Bitmap Books is a UK-based independent publisher that specialises in video game art and design books. The company was founded in 2014 by Sam Dyer, a graphic designer and video games enthusiast, with a simple aim: “To create and publish the highest quality, most visually splendid gaming books ever produced.”

The company’s first book was Commodore 64: a visual Commpendium. It was a critical and commercial success and has been followed by more than 30 titles. Subsequent releases have covered the Game Boy, Super Nintendo, NEOGEO and ZX Spectrum, as well as genre and franchise-focused books such as The Art of Point-and-Click Adventure Games and Metal Slug: The Ultimate History.

We spoke to Dyer about Bitmap Books’ achievements to date, the design and production process, and the company’s future.

Thumbsticks: You’ve spoken before about your love of the Commodore 64, especially some of the striking loading screens. Did these early video game experiences inspire your career in design?

Sam Dyer: Absolutely. For some reason I never considered a career in the games industry, though. My love of everything visual led me into being a graphic designer, specialising in print and brand identity creation. Those early days of C64 graphics impressed me so much though – full respect to those pixel artists that did what they did with such limited hardware and equipment. Pure talent. If I had my time again, I would have loved to have explored going into the games industry after school.

As creative director, how do you determine the visual approach of each project? For example, the compendiums adhere to a similar cover format, but other titles feature a range of styles, from illustration and typography to pixel art and iconography.

I treat each book as it’s own thing. I sometimes get asked why all our books are not a standard size, or in the same typeface. I understand it from a consistency point of view, but to me, that’s incredibly boring as one of the biggest buzzes I get from Bitmap is the challenge of starting a new book and deciding how it should look and feel. The visual compendium books follow a pre-determined design template, but with other titles, anything is up for grabs.

For example, our recent FPS book is A4 landscape – this is purely because the screenshots of those games don’t crop very well, because of the HUDs that are displayed in a multitude of ways and vary in complexity. This meant that a landscape format would allow us to include the whole image and avoid any awkward cropping. Another example would be our ZX Spectrum book – the games on this system used really bright and saturated colours, and once printed just looked really dull. We therefore decided to use special florescent inks within the book to emulate the colours more accurately. I think it’s little touches like this that set Bitmap aside from other publishers.

Game images that shine on a television screen don’t always work on the printed page. How do you manage the production process to ensure that game assets look as vibrant and true to the source as possible?

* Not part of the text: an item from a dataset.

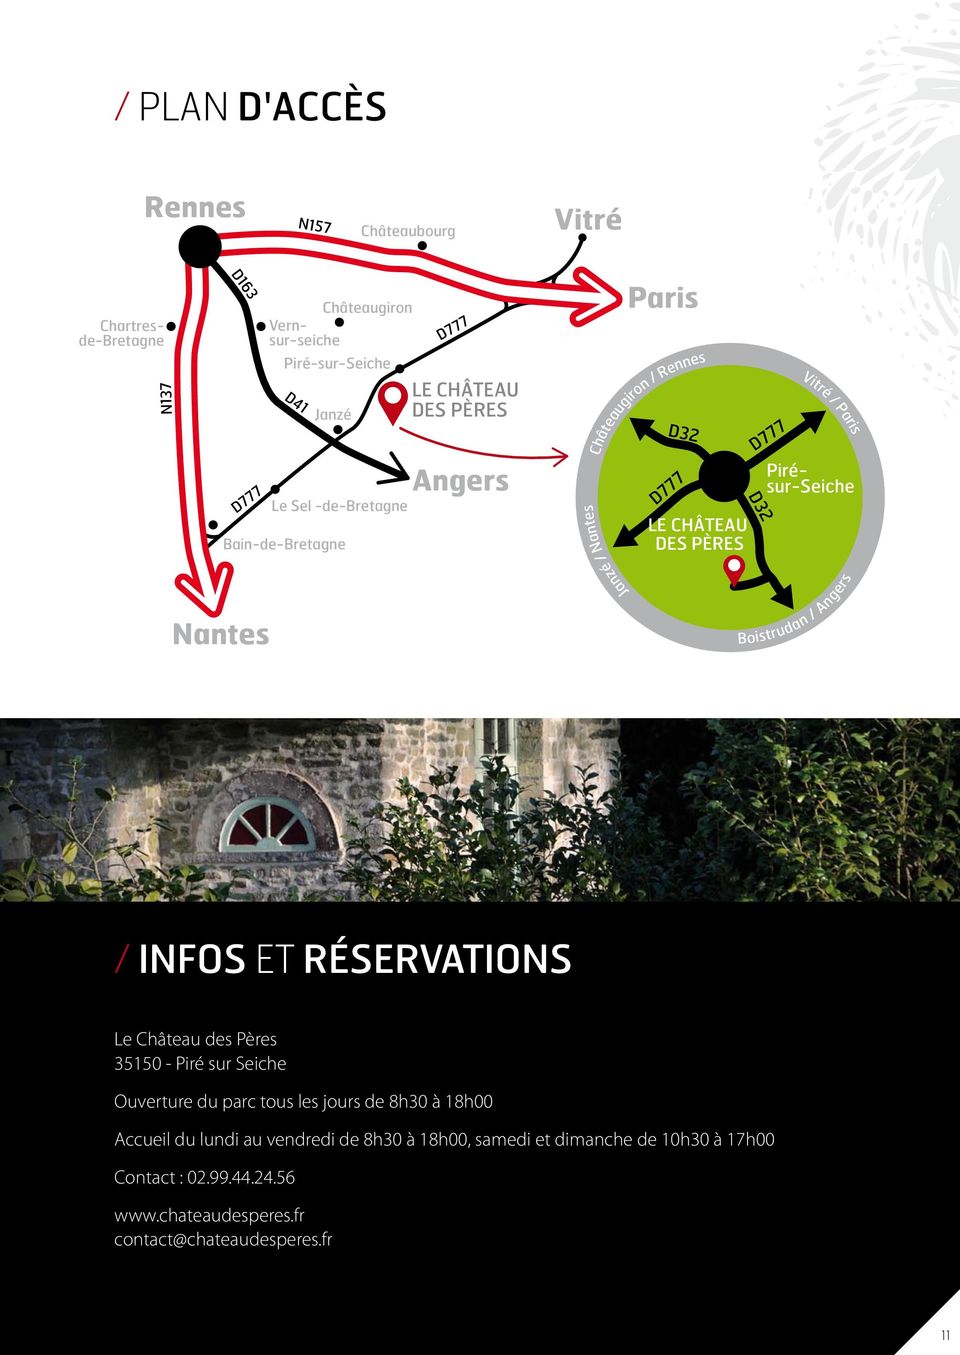 Janzé / Nantes Nantes Boistrudan / Angers / Infos et réservations Le Château des Pères 35150 - Piré sur Seiche Ouverture du parc tous les jours de 8h30 à

Controversially, I’m not a fan of CRT televisions and what they do to pixels. I much prefer the raw, sharp edges of pixels, as opposed to the fuzzy look of a traditional television. When taking screenshots of games, the most important thing is to ensure they’re taken in a format that means the pixel edges are pin sharp. This means that the image can be enlarged for print with no loss of quality. We try to not manipulate screenshots too much to show them how they were intended. However, occasionally, it’s necessary to lighten them. This was especially an issue in our recent FPS book, as many locations were dark and dingy dungeons or set at nighttime. Without lightening, the screenshots would look really ‘muddy’ when printed, so this is essential.

There’s a timeless aspect to the 2D sprite and pixel-based games of the 1980s and 1990s. Do you think games of the 3D era – where camera placement has a dramatic effect on composition – work as well in print format? Will this be a challenge for future projects?

I’m nervous about doing books on early 3D games that use polygons. Kind of the opposite to my views on pixels, I think these early 3D games look better on CRT televisions as it masks the imperfections of the image. Although nostalgic and incredibly groundbreaking at the time, some early 3D games have not aged well, in my opinion. I think it will be a challenge to match the visual impact of our pixel-based books.

You have worked with partners on some titles, most notably with SNK for the NeoGeo, King of Fighters and Metal Slug books. How did that relationship come about, and what was the experience like of having access to their archives? 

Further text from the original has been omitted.